Cesare percosse con grande allegrezza de’ Padri, Sestio Paconiano, stato pretore, dicendolo audace, nocivo, spiatore de’ segreti d’ognuno, e ministro di Seiano al tradire di C. Cesare. Quando ciò si seppe, sgorgareno i primi odj, e dannavasi al sommo supplizio, ma egli disse che aveva in seno una accusa.

IV. E cintala a Latinio Laziale, fu grato vedere spia e reo, due odiatissimi.
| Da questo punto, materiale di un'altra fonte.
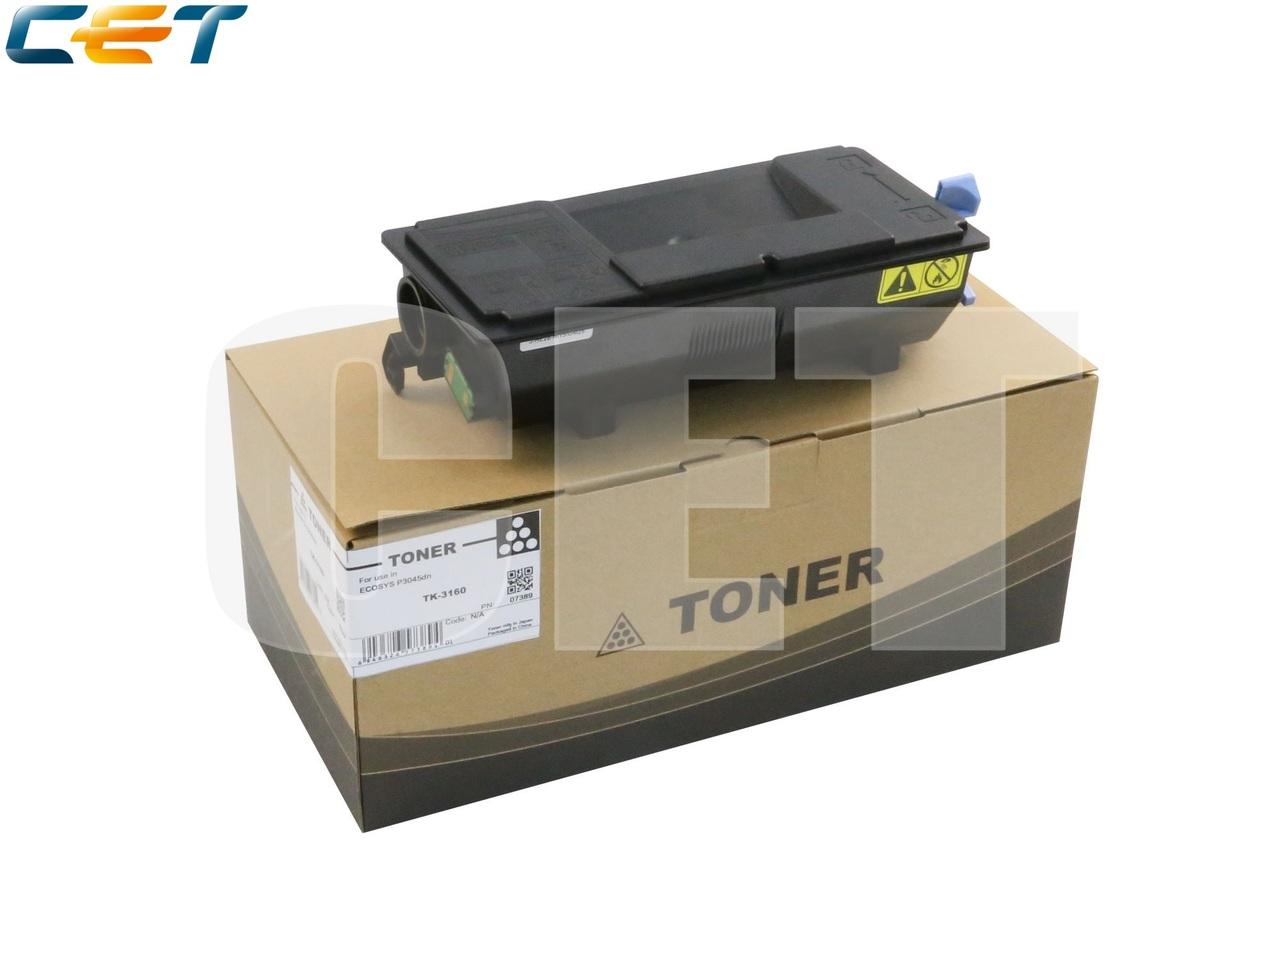 Тонер-картридж (PK9/PK10) TK-3160 для KYOCERA ECOSYSP3045dn (CET), 333г, 12500 стр., CET7389

Laziare, come dissi, fu capo al condurre alla mazza Tizio Sabino, ora primo al gastigo. Allora Aterio Agrippa la prese co’ passati consoli: „Se essi s’accusaron l’un l’altro, perchè tacere ora? Il verme della conscienza e la paura gli ha riuniti; ma non deono i Padri le udite cose passare con silenzio. Rispose Regolo: „Indugio non leva gastigo; farebbe il bisogno presento il principe.„ Trione disse: che di gare e male parole tra’ colleghi meglio era non tener conto. Riscaldandosi Agrippa, Sanquinio Massimo consolare disse: „Di grazia. Padri, non aggiunghiamo fastidi al principe, stuzzicando piaghe maligne; saprà egli ben medicarle„. Ciò diede al morire scampo a Regolo, e tempo a Trione. Aterio fu odioso, per sonno e lussuria marcio; del principe, quantunque crudele, come neghittoso non temeva; e sempre a rovine di grandi in taverne e ma luoghi pensava.

V. Di poi Cotta Messalino (quei dalle crude sentenze, e perciò malvoluto ab antico) fu accusato, il prima che si potè, di più cose: aver chiamato C. Cesare maschio-femmina1, e cena d’esequie

  1. Per accoppiare questo scherzo della disonestà di Caio col seguente di Cotta, che chiamò cena del mortòro quella fatta per lo natale di Tiberio, che tanti uomini faceva morire.